No ale Guguś.... (to 10 letni, prawie bezzębny, 8 kilowy uparciuch). Najpierw się chował, potem mnie ugryzł, potem tata go zawinął w kołdrę, ale znów mnie ugryzł, potem wypluł tabletkę, potem mnie znów ugryzł, uciekł, podrapał - no i to tyle. Skończyło się na tym że ta tabletka się rozwaliła, mama nią jeszcze próbowała posmarować surową wołowinę ale powąchał i odszedł. Także mam pogryzione i podrapane ręce, 40 minut rano w plecy, a Guguś odrobaczony nadal nie jest...

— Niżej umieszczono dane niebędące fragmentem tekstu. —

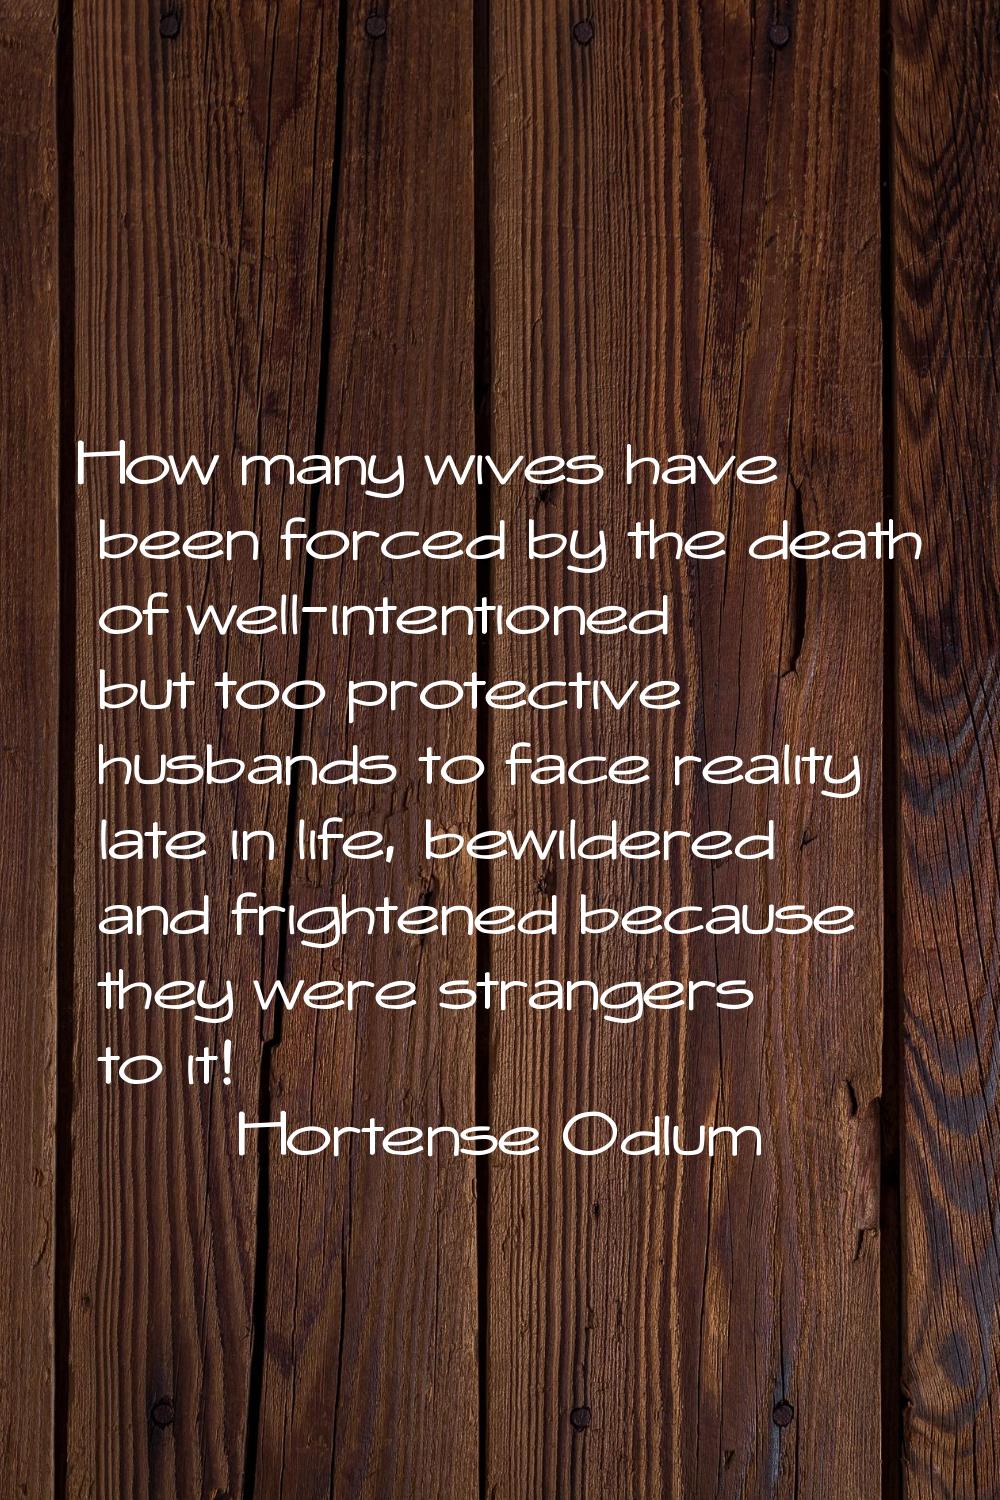 How many wives have been forced by the death of well-intentioned but too protective husbands to fac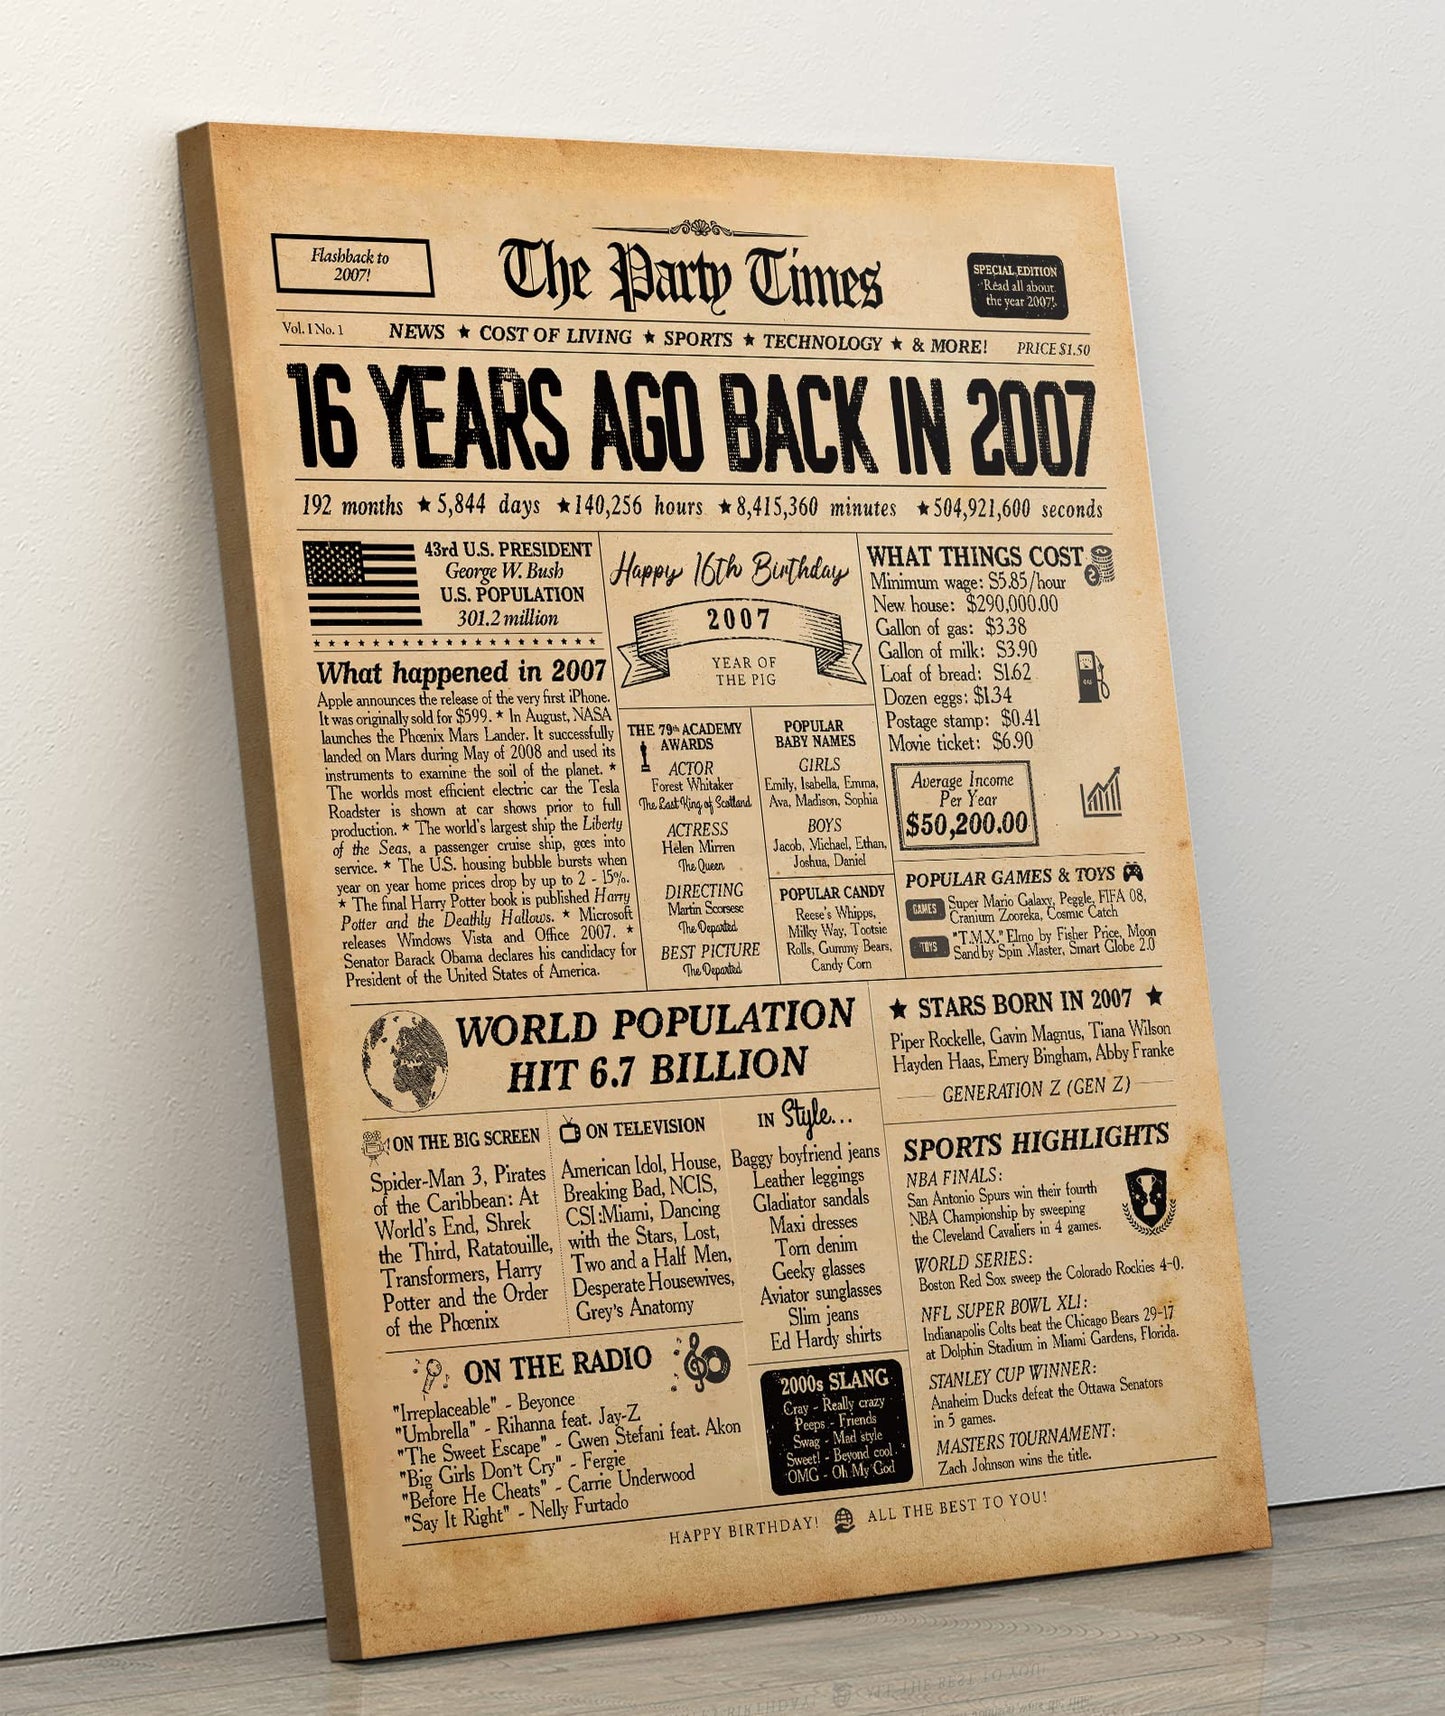 16th Birthday Newspaper Wall Art Canvas Poster Decorative with Frame (11.5×15 inch), Back in 2007 Print 2007 birthday poster Vintage 16th Birthday Decorations Poster for Teens Home Wall Decor, SRZT16S

Boszz, a to jest kot co go ze śmietnika jako kociaka dzikusa przytargałam do domu (złapałam go udając drzewo z parówką ;P), oswajałam go najpierw w kabinie prysznicowej, potem w pudle, a potem został ulubieńcem ojca i grubym przytulakiem. No i ta powolna pierdoła mnie pogryzła
Także koniec, nie znam się na podawaniu kotom tabletek. Koniec i kropka
... trzeba iśc po nowa tabletkę, albo nowego kota ;P...
BTW: dostałam tym razem: Pratel (po poł dla kocurów i po pół ale 3 dni po kolei dla Łacha - czyli łachu jeszcze jutro i pojutrze)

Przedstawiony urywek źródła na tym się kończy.